Jason Westin, MD, the leader of the diffuse large B-cell lymphoma research team at the University of Texas MD Anderson Cancer Center in the Department of Lymphoma and Myeloma, discusses the current standard of care in diffuse large B-cell lymphoma (DLBCL).

According to Westin, DLBCL is the most common lymphoid cancer in the United States, occurring in 30,000 US adults every year. However, treatment has not progressed since the 1990s, with most patients reciving a cyclophosphamide, doxorubicin hydrochloride (CHOP) chemotherapy combination.
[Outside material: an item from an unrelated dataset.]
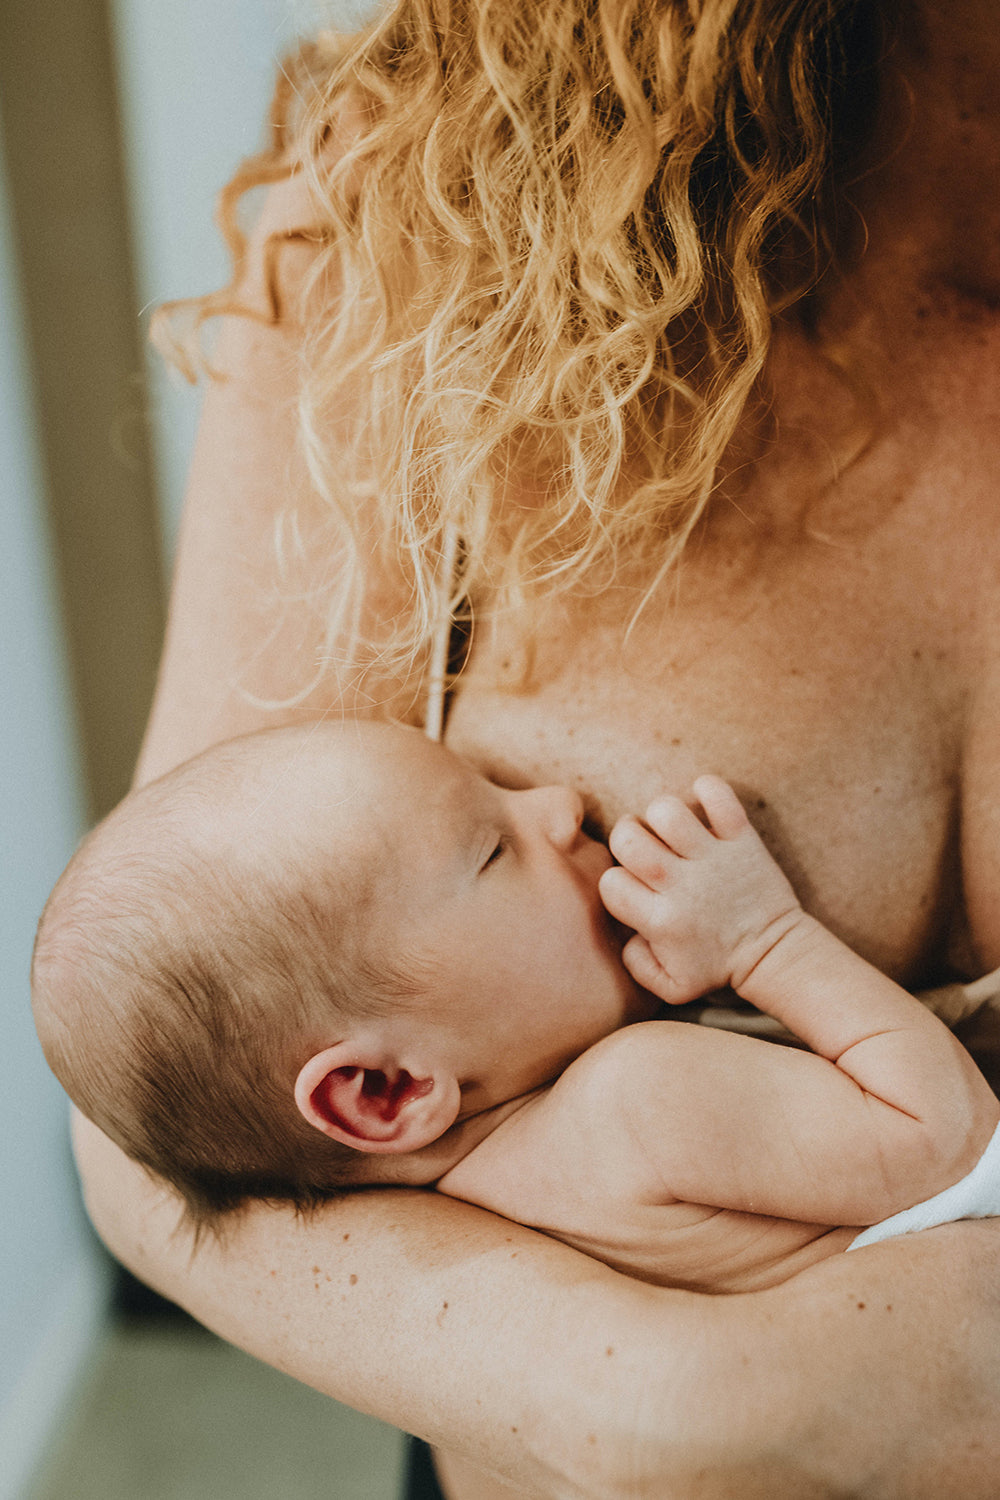 Midwife Marley - Breastfeeding causes saggy boobs Heard this one

According to Westin, CHOP has a cure rate of 2/3, but at least 1 in 3 patients need additional treatment. Currently, few options are available for them. In order to find more effective therapies for this population, a better understanding of why these patients do not response to CHOP is needed, according to Westin

DLBCL or diffuse large B cell lymphoma is the most common lymphoid cancer in adults. It's occurs in about 30,000 people each year in the US. And the treatments of that most common lymphoid cancer have been effectively stuck in the 1970s and the 1990s. We use a combination chemotherapy approach called CHOP, which was originally described in 1976. And, obviously we changed a lot in life from 1976 to now, but we're still using this old combination chemotherapy for in the curative setting for lymphoma. So obviously, new approaches are needed.

00:48 | Most patients are treated with a combination chemotherapy CHOP, and that cures approximately two-thirds of patients. So it's a it's a fairly effective standard therapy, at least 1 out of 3 people needs additional treatments and we don't do as well in the relapse setting as we'd like. So we're constantly trying to innovate and improve that frontline setting and get beyond two thirds cure rate with initial treatments and that will take better understanding of why those 1/3 don't respond to chop better understand the biology of what makes them resistant to treatments.